Stored data:
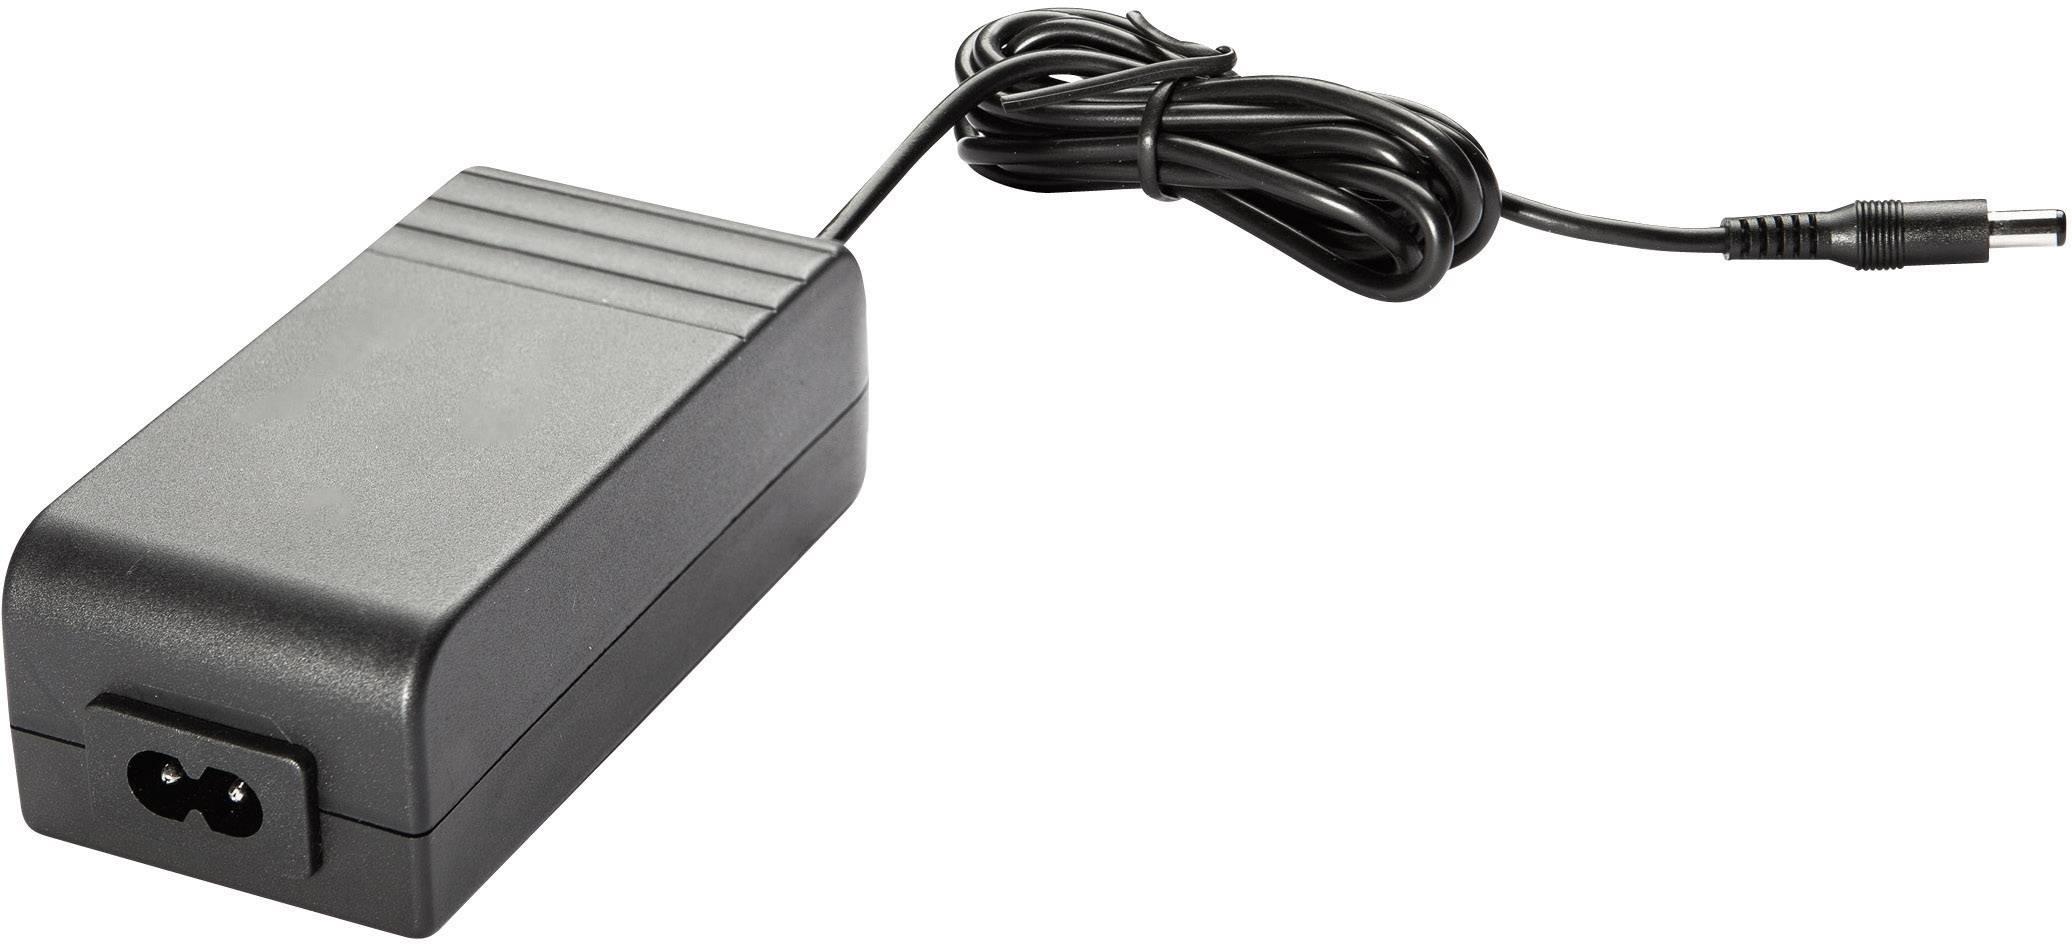 Síťový adaptér Egston E2DFMW3, 5 VDC, 30 W
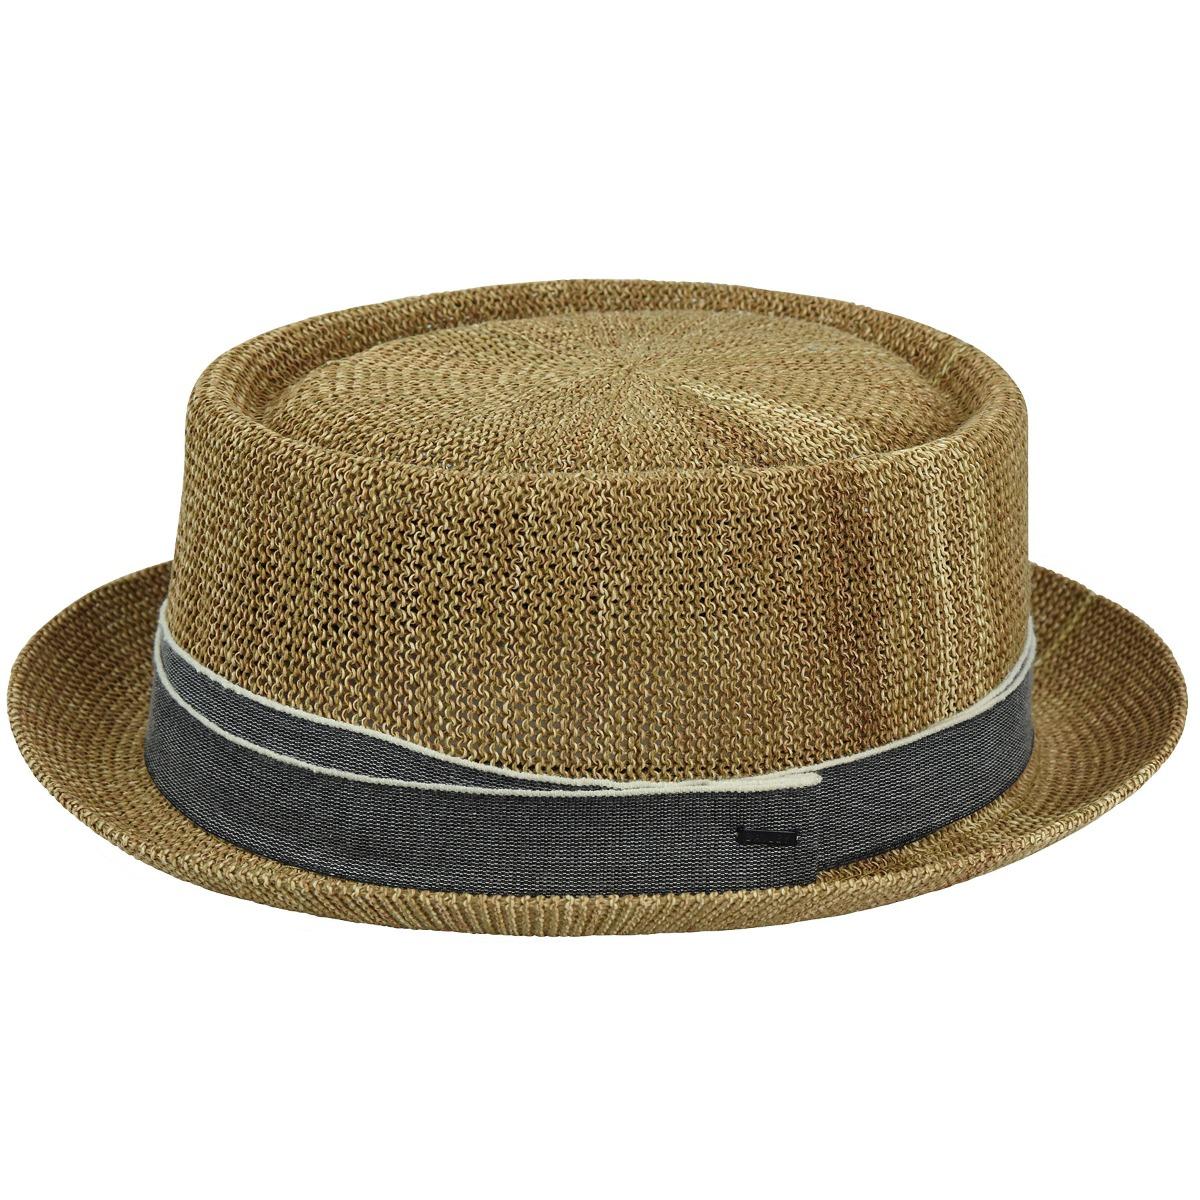 1950s Mens Hats | 50s Vintage Men's Hats Runkle Straw Pork Pie $80.00 AT vintagedancer.com
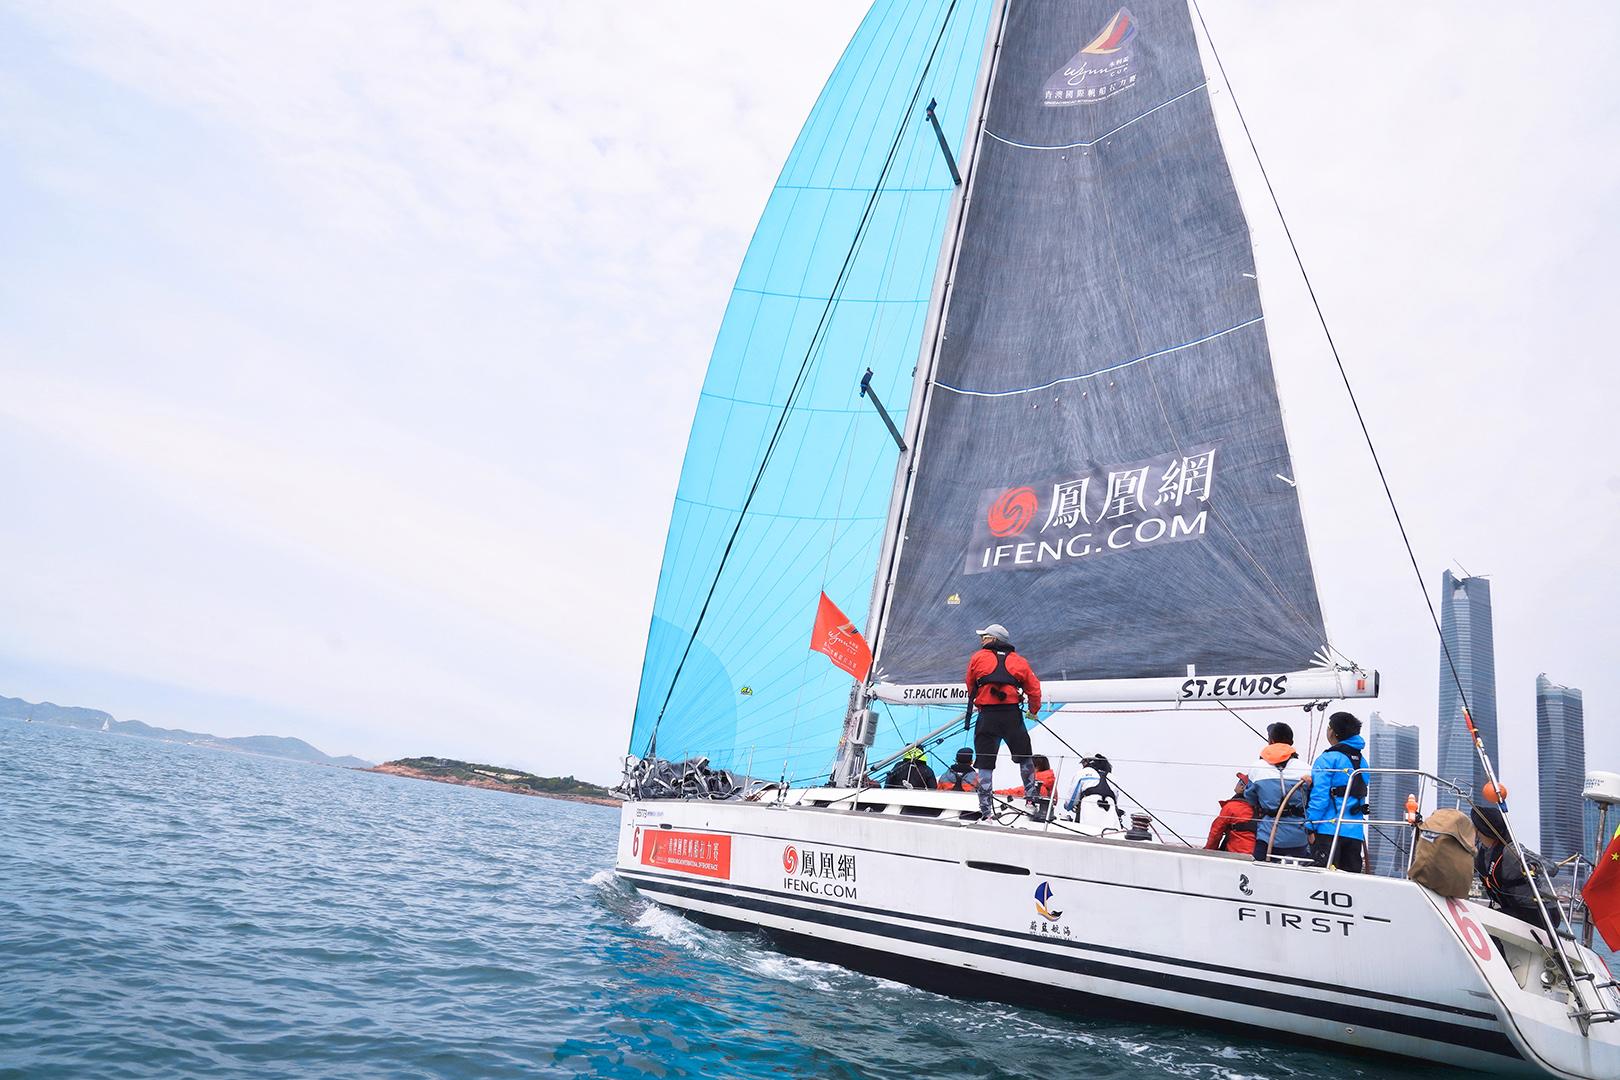 """""""凤凰网号""""体验海上速度与激情!挑战中国最长离岸帆船拉力赛"""
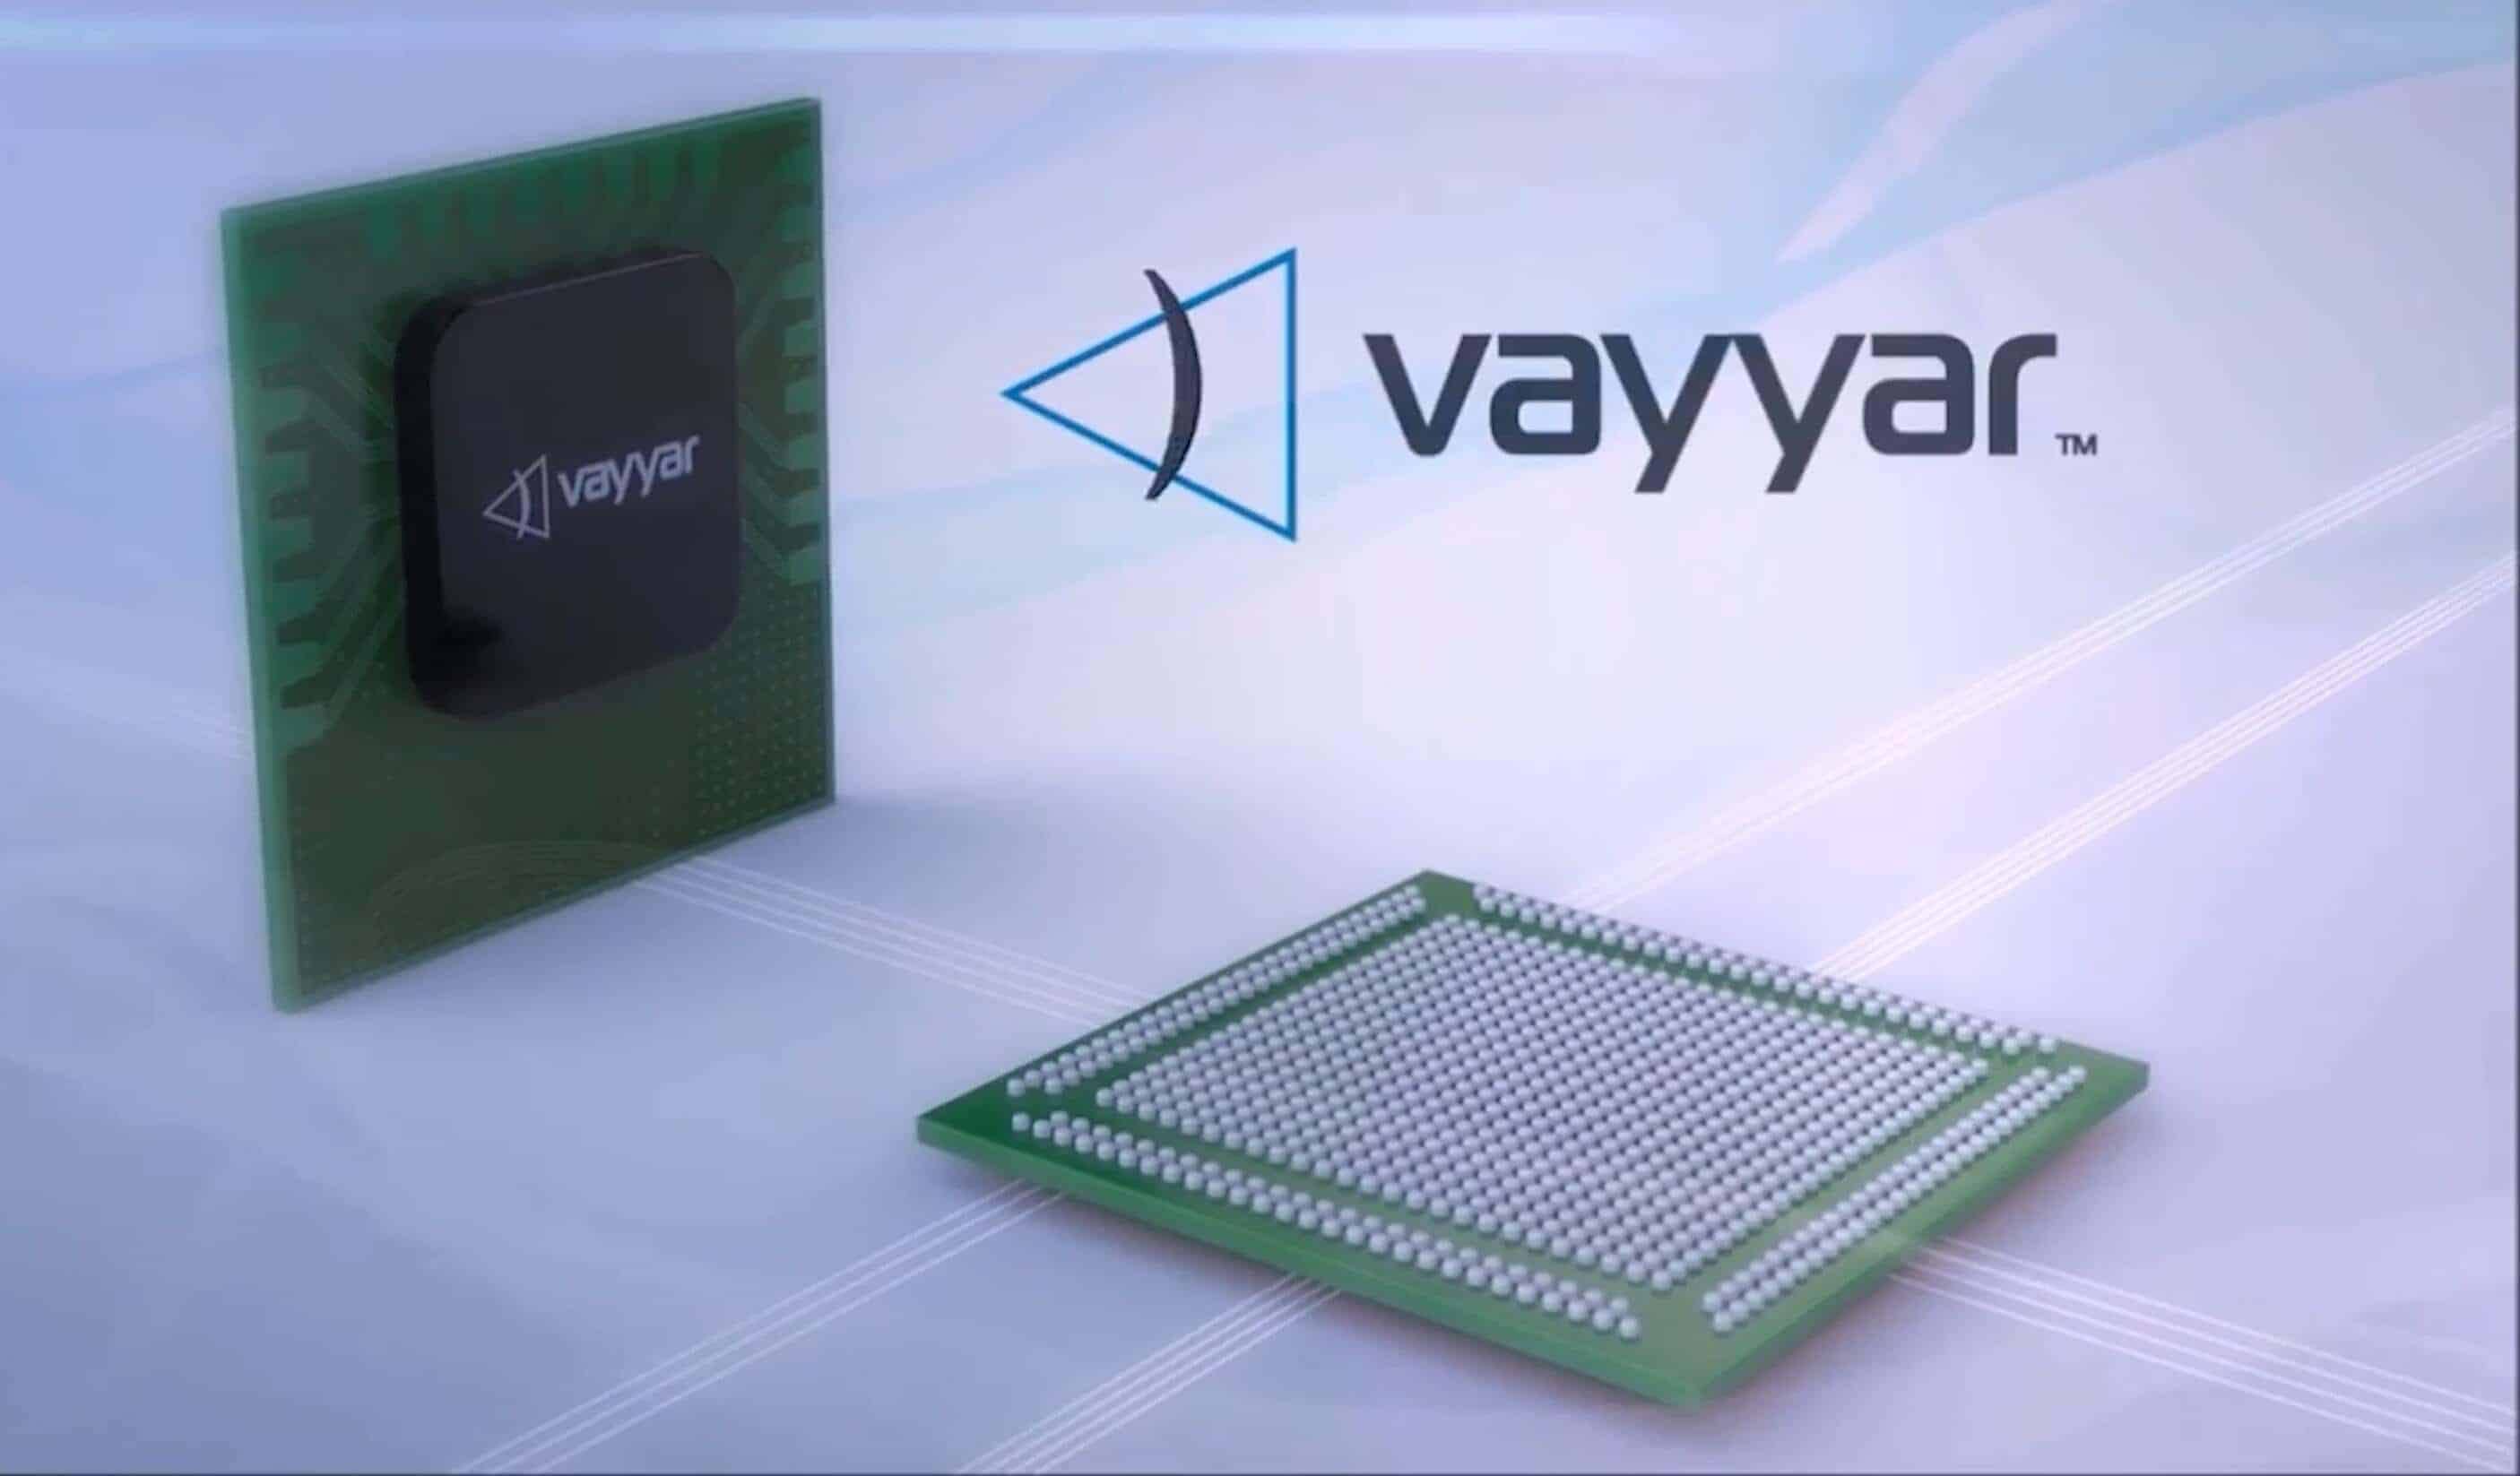 Vayyar Sensor CES 2018

Task to carry out: Print each line above exactly as it appears, excluding all images.

Problem solution:
 Síťový adaptér Egston E2DFMW3, 5 VDC, 30 W
 1950s Mens Hats | 50s Vintage Men's Hats Runkle Straw Pork Pie $80.00 AT vintagedancer.com
 """""""凤凰网号""""体验海上速度与激情!挑战中国最长离岸帆船拉力赛"""
 Vayyar Sensor CES 2018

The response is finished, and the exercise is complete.